In their second assignment, petitioners assert that LUBA erred in affirming the ordinances because the county failed to follow statutory procedural requirements and
Page 514
because, as a result of that failure, the ordinances have no legal effect. ORS 215.060 and ORS 215.223 require ten days public notice before each board hearing on a comprehensive plan or a zoning ordinance.[6] The county published two notices which together listed most of the 14 dates on which the Board held hearings on these ordinances. However, the Board held hearings on dates that were not listed in the notices, including the date on which it adopted them. The date of each hearing held without published notice was announced at a hearing held pursuant to a published notice or at a hearing which was itself announced at a hearing held pursuant to public notice. We agree with the county’s argument that the hearings for which no published notice was given were continuations of the hearings held pursuant to published notice and that the resulting ordinances are not therefore invalid.
An extended hearing process like that in which the county engaged necessarily requires continuances. Testimony may be long and complicated, there may be many persons to testify and the local government may have other matters that it must resolve, necessitating continuances. There is no rule which requires a hearing to proceed continuously without interruption until consideration of the subject for which it was called is finished, simply because the local government has not been able to give ten days published notice of a resumption of the hearing at a later time. The announcement of the continuance at the meeting is sufficient compliance with the statutes.[7]
Petitioners’ remaining assignments concern alleged charter violations. They first assign error to LUBA’s failure to reverse because Ordinance 294 made changes in more than one land use category. Ordinance 294 amended the comprehensive plan maps to comply with the changes Ordinance 292 made in the comprehensive plan. The county does not maintain separate zoning maps and apparently uses the comprehensive plan maps for zoning purposes. As a result, petitioners
Page 515
argue, Ordinance 294 actually amended both the zoning ordinance and the comprehensive plan, thereby violating the charter’s single subject requirement. Petitioners are incorrect. The fact that the county uses the comprehensive plan maps for zoning purposes does not make those maps part of a zoning ordinance.
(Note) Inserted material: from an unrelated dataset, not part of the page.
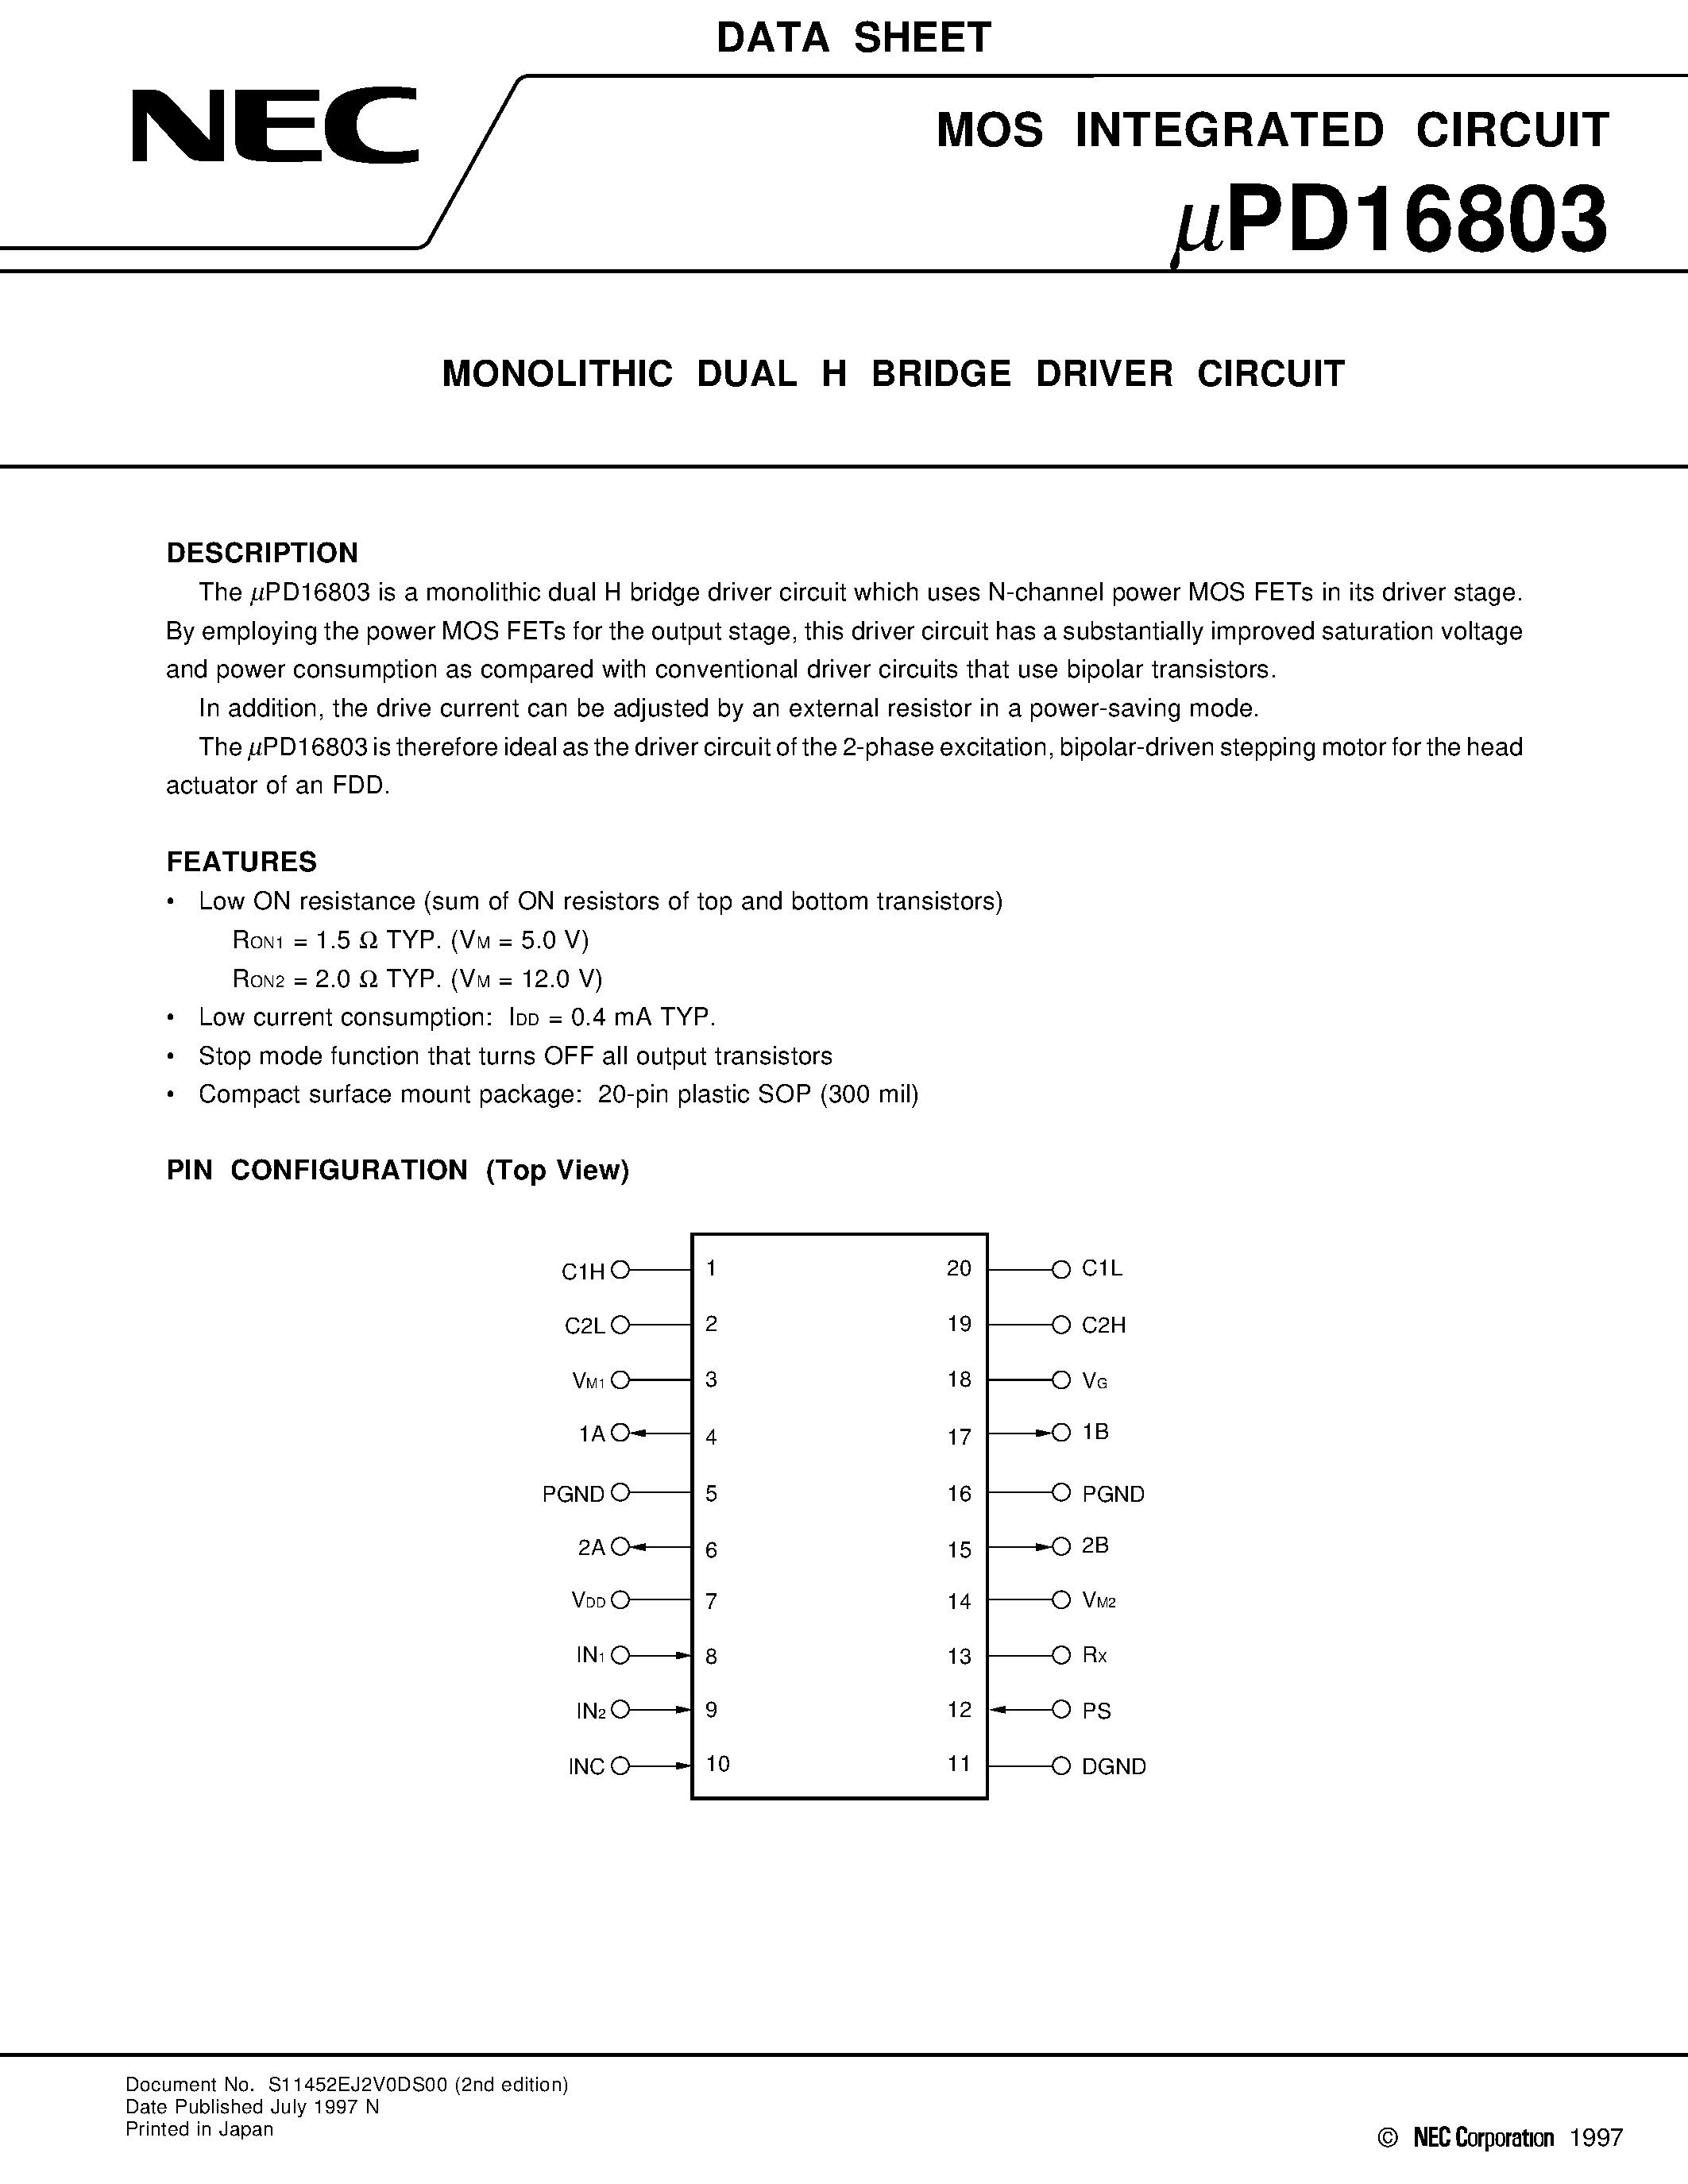 Datasheet UPD16803 - MONOLITHIC DUAL H BRIDGE DRIVER CIRCUIT page 1

Nothing in the charter requires the county to maintain two separate sets of maps.
Petitioners next claim that LUBA erred in not reversing because the notice sent to all property owners lacked the specificity required by the charter. Although the notice did not give detailed information on the proposed changes, it could not have done so without becoming so cumbersome that it would have been less effective as notice than it was. The charter requirement that all comprehensive plan changes be included in one of the annual ordinances inevitably requires that the “general” notice be general. The notice informed the county’s property owners that changes were in the works, gave them an idea of the nature of those changes and told them where they could learn more.[8]
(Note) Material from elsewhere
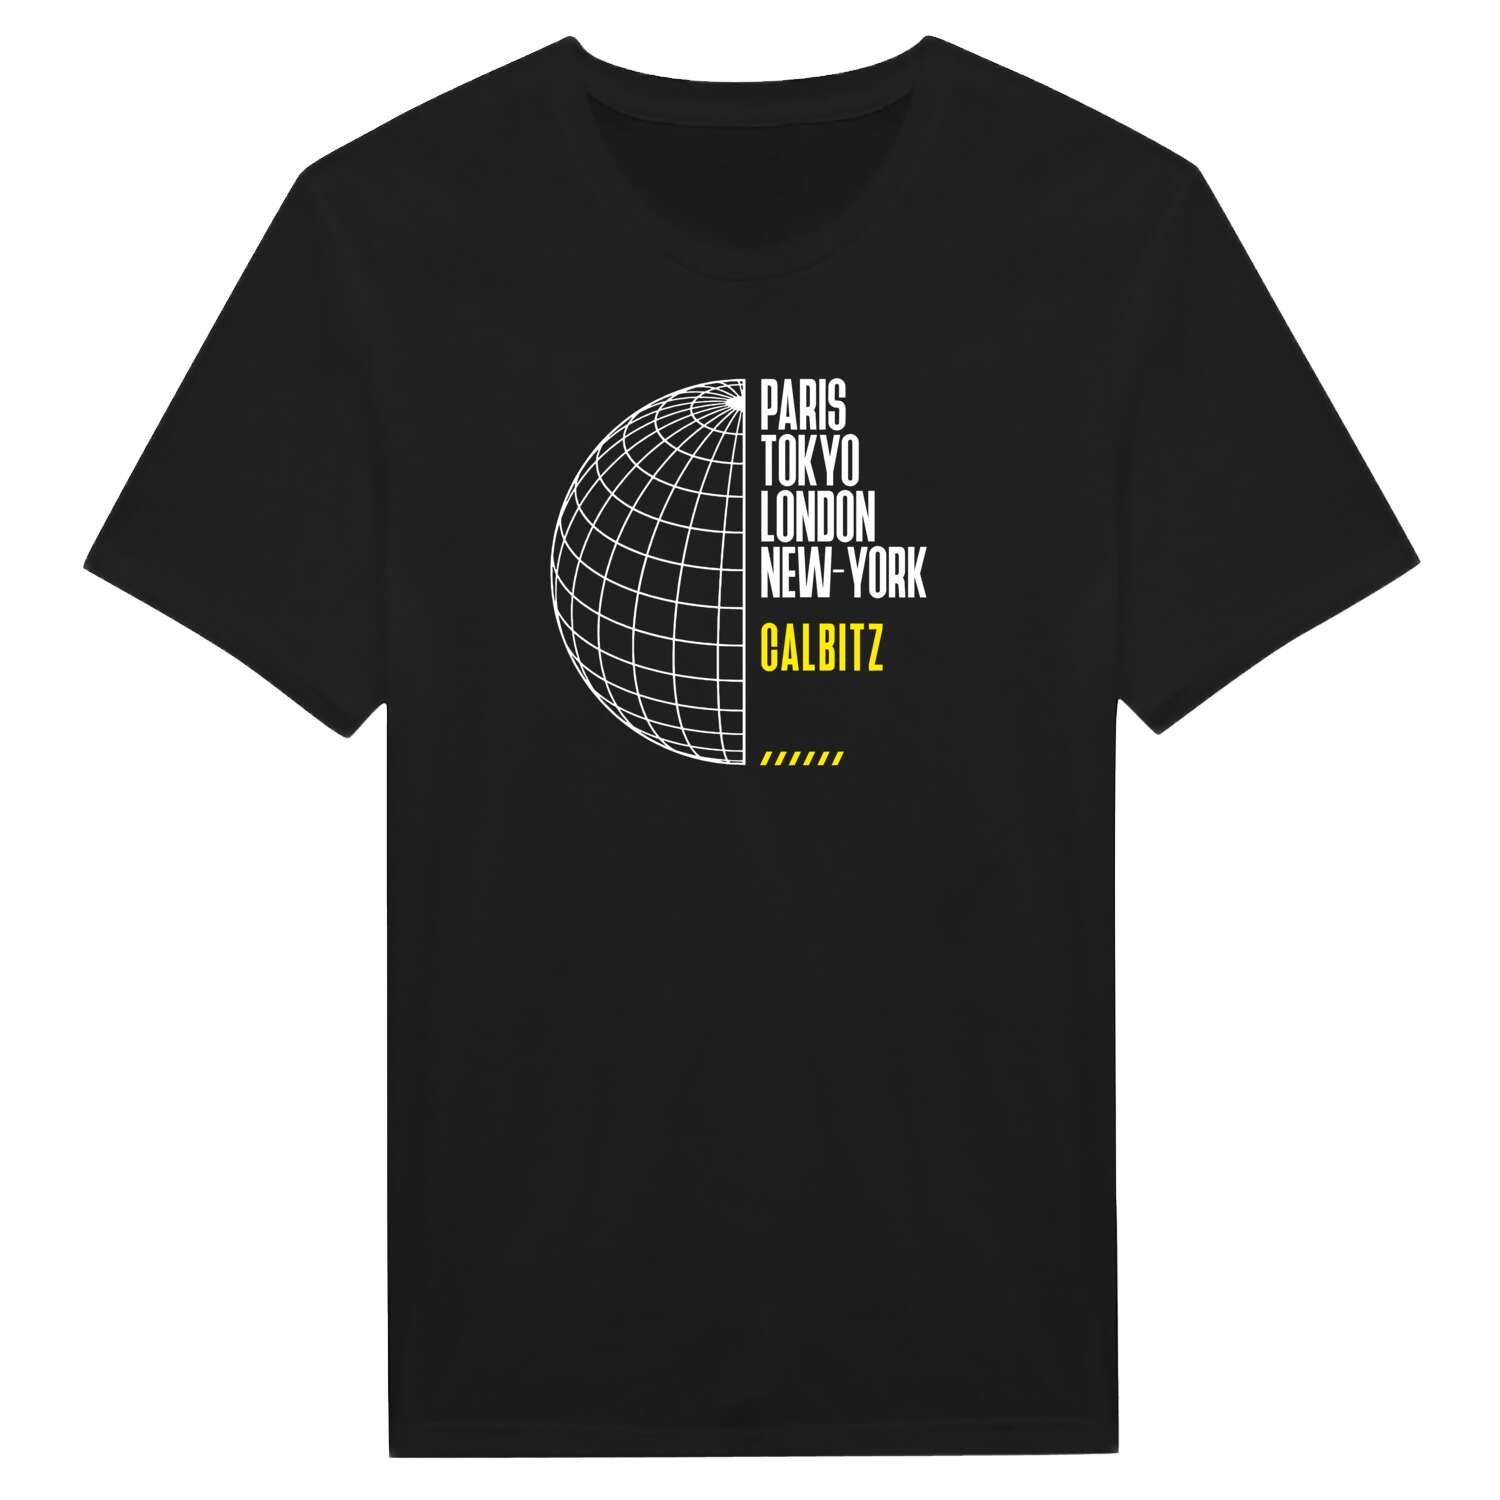 Calbitz T-Shirt »Paris Tokyo London«

Petitioners assign error to LUBA’s failure to reverse because the ordinances the county filed in July lacked the specificity required by the charter. The ordinances, as filed, pointed out the areas in which the county intended to make changes. The county complied with the charter requirements for notice and hearing before adopting substantive changes in the ordinances as originally filed. The charter requires that the ordinances be on file for over three months before the Board can begin to consider them. The apparent purpose of the charter provision is to ensure early public knowledge of and involvement in the process. The ordinances were sufficiently specific.
Finally, petitioners assert that LUBA erred by amending its order to reverse and remand portions of Ordinance 293 rather than reversing the entire ordinance, as the conclusion of its original order had provided. LUBA considered petitioners’ 31 assignments of error seriatim, sustaining some and rejecting others. At the end of the opinion the
Page 516
original order reversed Ordinance 293 because of certain assignments which LUBA had sustained. It did not mention other assignments concerning that ordinance which LUBA had also sustained, nor did it mention Ordinances 292 or 294, although LUBA had sustained assignments relating to them.
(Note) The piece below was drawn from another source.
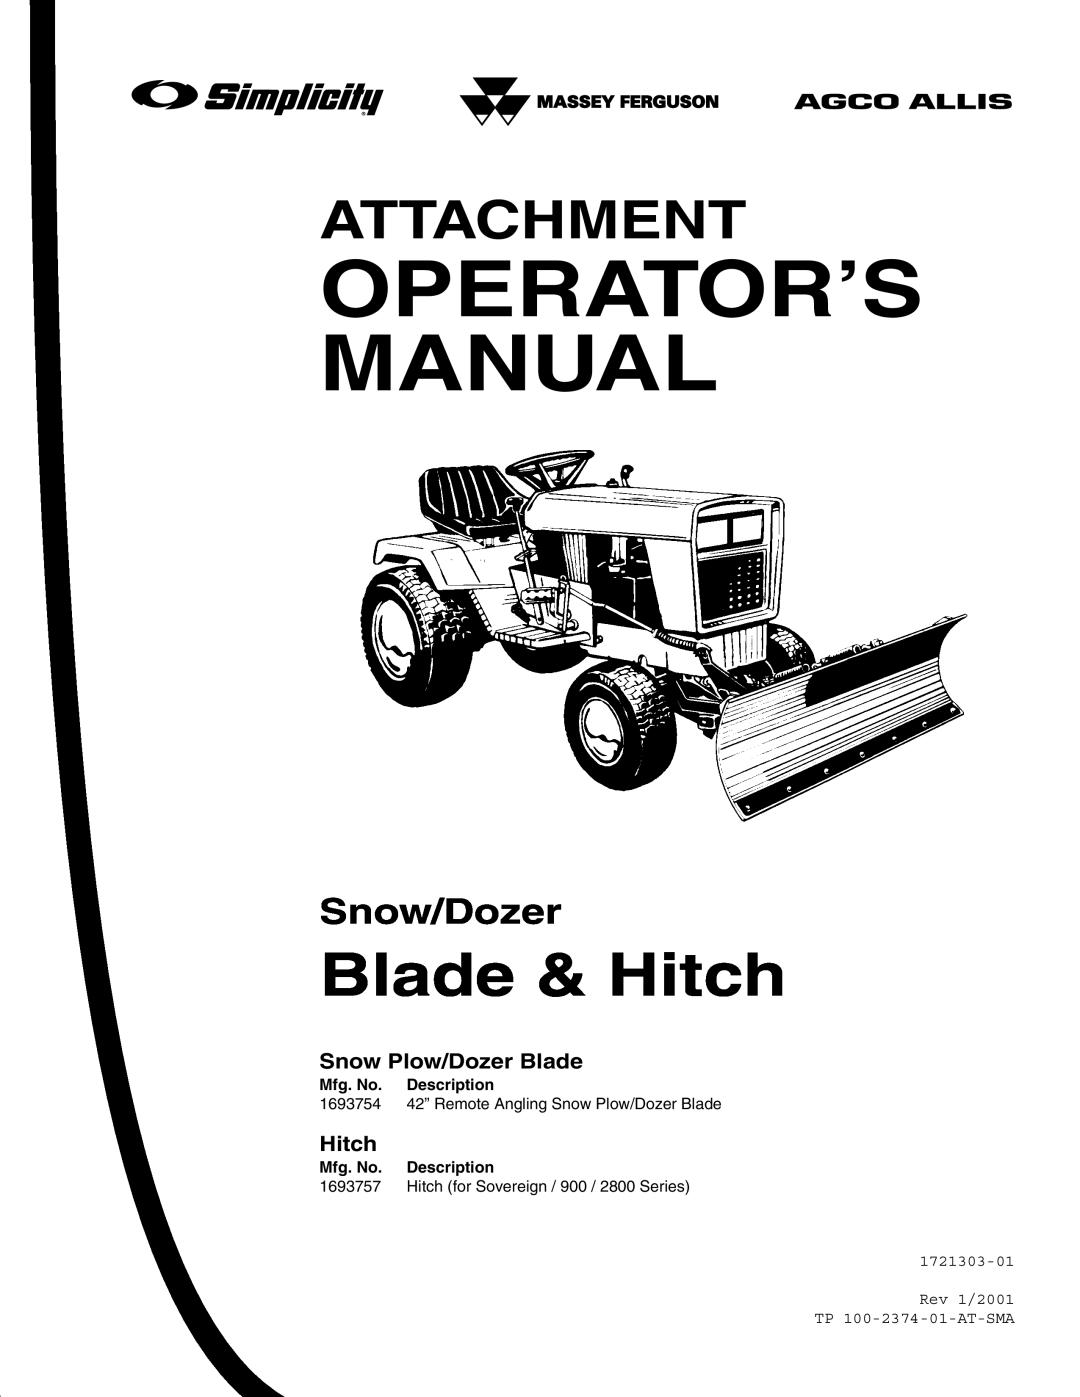 Snapper 1721303-01 manual Attachment, Snow Plow/Dozer Blade, Operator’S Manual, Blade & Hitch, Snow/Dozer

LUBA did not intend the summary at the end of its opinion to be its effective order. Rather, it intended each dispositive statement at the conclusion of its discussion of each assignment of error to constitute a portion of its order. The complete order is simply the sum of those statements. The modification of the opinion merely brought the closing summary more in line with the remainder of the opinion. It did not effect a substantive change and was not erroneous. We turn to the county’s cross-appeal.[9]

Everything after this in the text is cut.